John ERLER Why Nothing is Beautiful: Physical Attractiveness in Latin Literature
In poems 43 and 86 Catullus compares Lesbia's beauty to that of two other women: Ameana and Quintia, respectively. Here Catullus demonstrates two notable cultural constructions contributing to the Roman idea of physical beauty: 1) The absence of physical blemishes or flaws. 2) A harmonious relationship of parts to the whole. In this paper I will outline these two constructions and demonstrate how they inform the description of beauty in Roman literature.
The few scholars who have attempted to address the question of what was beautiful for the Romans (Karl Jax, Der Frauentypus der Romischen Dichtung ; Lloyd Thompson, Romans and Blacks ; Amy Richlin, The Garden of Priapus) have tended to summarize lists of features considered attractive by ancient authors. In my paper I will take a somewhat different approach, centered around the two constructions stated above.
The first, that beauty was a lack of flaws rather than one or more attractive features, is expressed in Cicero's De Natura Deorum 1.79-80 by Cotta, who notes that if the gods had human forms, they should be free from blemishes. But, he says, if that is the case, they would all look exactly alike. Cotta's implication -- that there was a single, perfect beauty and that ugliness rested in how far one departed from this standard -- finds an interesting parallel in modern psychological theory. A study by Judith H. Langlois and Lori A. Roggman ("Attractive Faces are Only Average" Psychological Science vol. 1, no. 2 (1990) 115-121) indicates that humans may find attractive faces which represent the mean features of a given population.
That the Roman standard of beauty represented an extreme example of this norm-based conception is reflected in the descriptions of individuals in Roman literature. There are seemingly countless detailed descriptions of ugly or abnormal individuals but there are very few descriptive portraits of attractive ones; when beautiful people are described, it tends to be only in the vaguest terms.

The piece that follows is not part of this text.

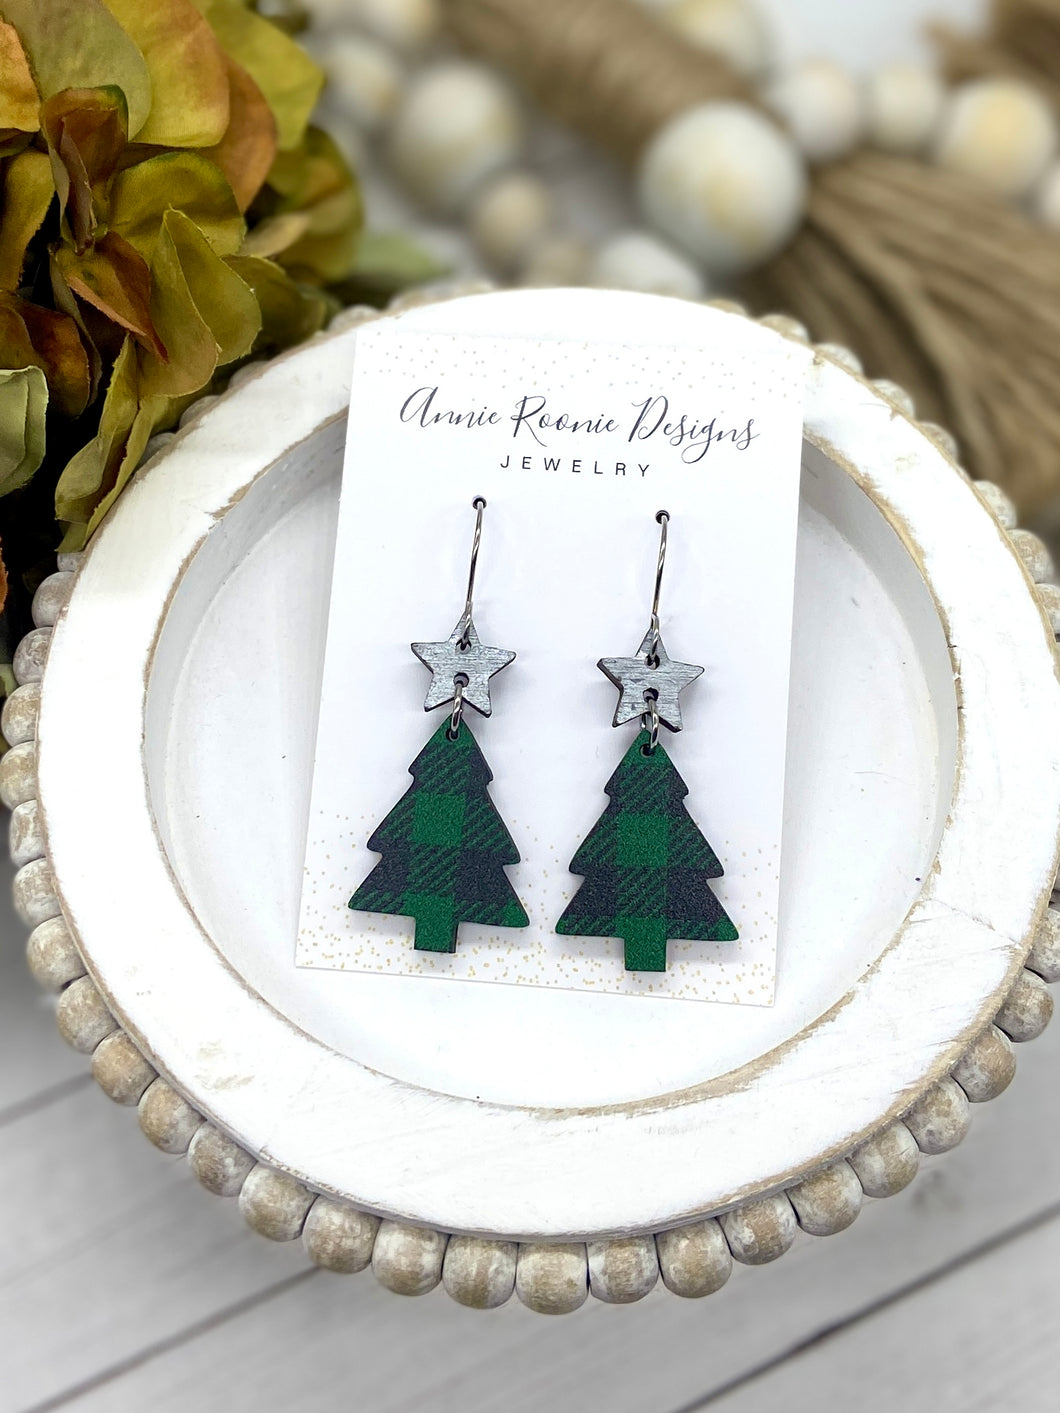 Green Buffalo Plaid Wooden Christmas Tree earrings

One of the reasons for the Romans' tendency not to describe physical beauty may have had to do with the Stoic conception of beauty, as outlined in Cicero's Disp. Tusc. 4.31 and Plotinus' Enneads 1.6.1, "On Beauty". Cicero -- who says that beauty is an apta figura membrorum -- and Plotinus indicate that according to the Stoic view only a composite thing, and nothing single or simple, can be beautiful.
If beauty lies not in individual features, but in the harmonious relationship of the parts, this means that language -- which, as opposed to the visual arts, is more linear than holistic -- is particularly ill-suited to the description of beauty, hence Catullus' sparse treatment of Lesbia's appearance and full treatment of Ameana and Quintia in poems 43 and 86.